闻言,深森真琴脸上露出了不可置信的表情——也许两百年前的巴黎人民在报纸上看到《至高无上的皇帝陛下于今日抵达自己忠实的巴黎》的标题时,脸上就是这种表情:“是你主动找他提起了这件事?“
“我是……我没有……”信浓冬在慌乱中咬到了自己的舌头,“我不是为了让他调查这件事,只是想让他转交教堂的旧照片给白马教授,希望她看到那张照片后会愿意接手血色油灯案……”
“……并且成功引起了别人对这些陈年往事的兴趣。
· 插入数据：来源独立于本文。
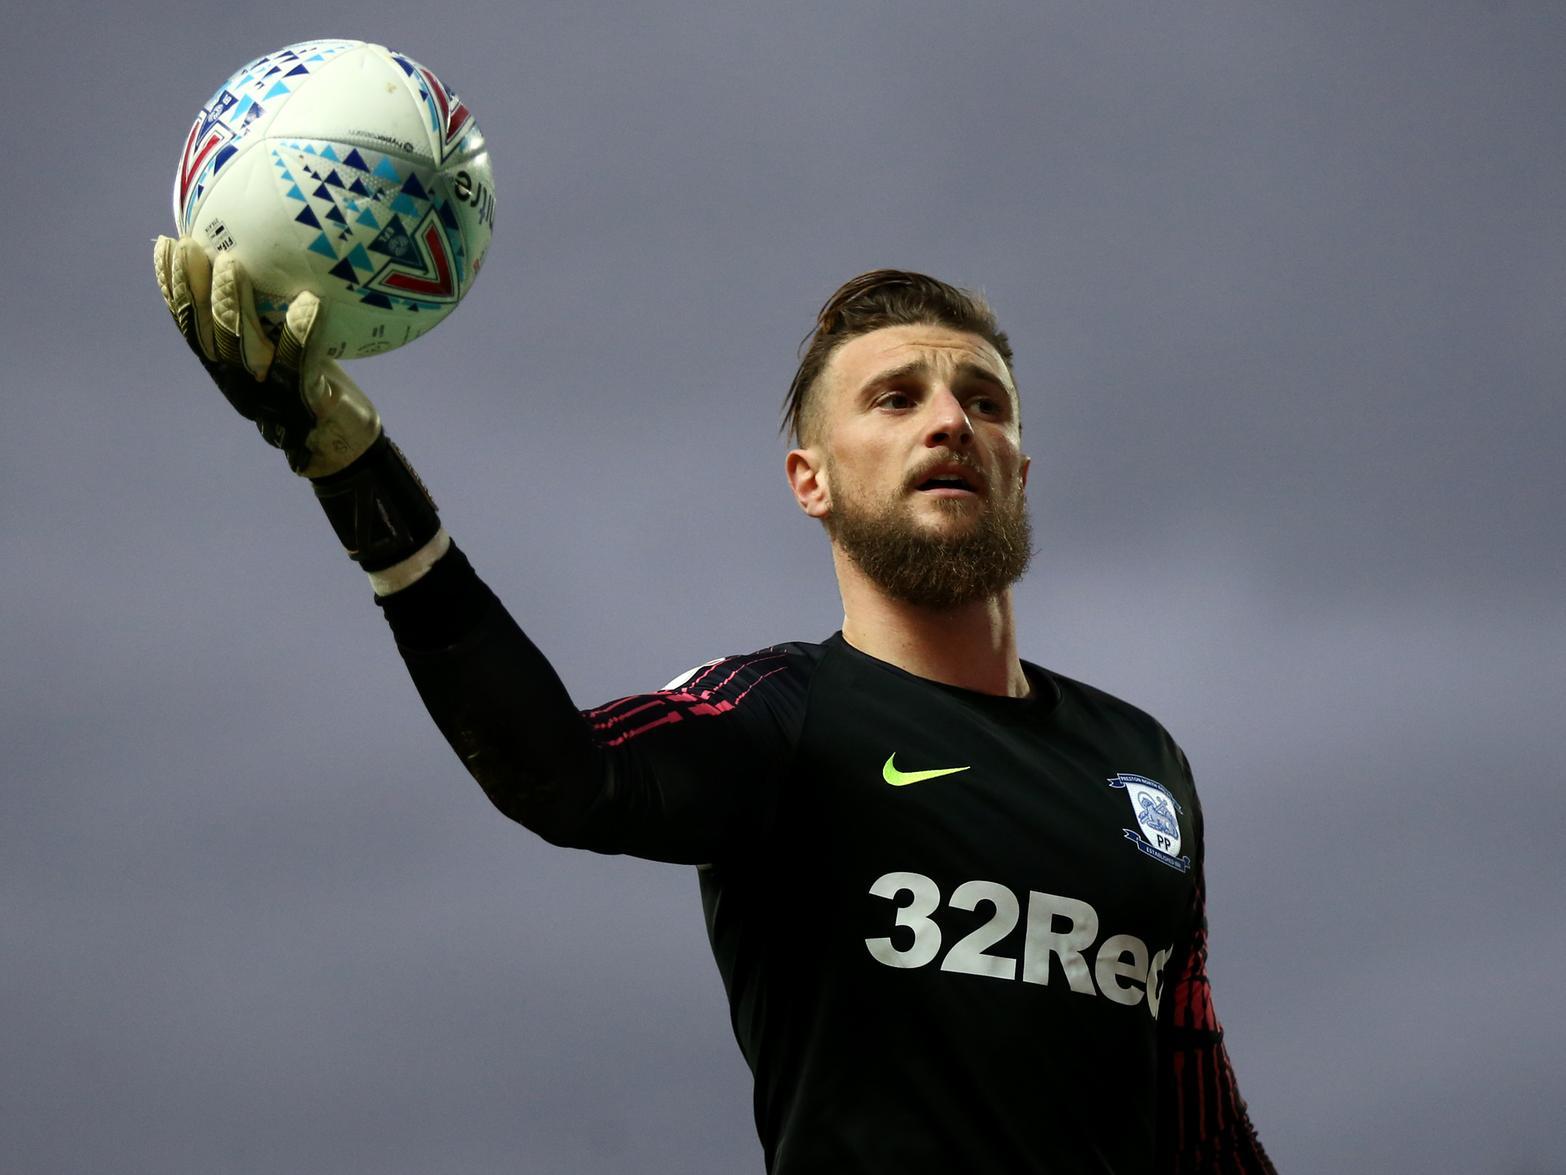 West Ham United have been linked with a move for Preston North End goalkeeper Declan Rudd, as they look to secure cover for the injured Lukasz Fabianski. (Football Insider)

”深森头痛地叹了口气,“我已经明白了,冬,你不用再解释什么了。”
白马探适时地介入了话题:“两位看起来关系不错。”
信浓嘴唇紧抿,什么话也没有说,深森真琴虽然失去了微笑,但回复时语气依然冷静:“冬以前也是被育儿院收养的孤儿,我们从小一起长大。虽然冬几年前就被其他家庭收养了,但偶尔也会回来探望孩子们。”
“所以信浓先生其实也见过柏木小姐?”
“您在暗示什么?”
“我知道柏木澪并不是杀死神父的凶手,知道她并不是那个长期受到神父侵犯的人……”其实后半句他并不那么确定,但如果要突破对方的心理防线——尤其是深森真琴这样心思缜密,做好了万全准备的人,他必须表现得更有攻击性,“我还知道,那个人其实是你。”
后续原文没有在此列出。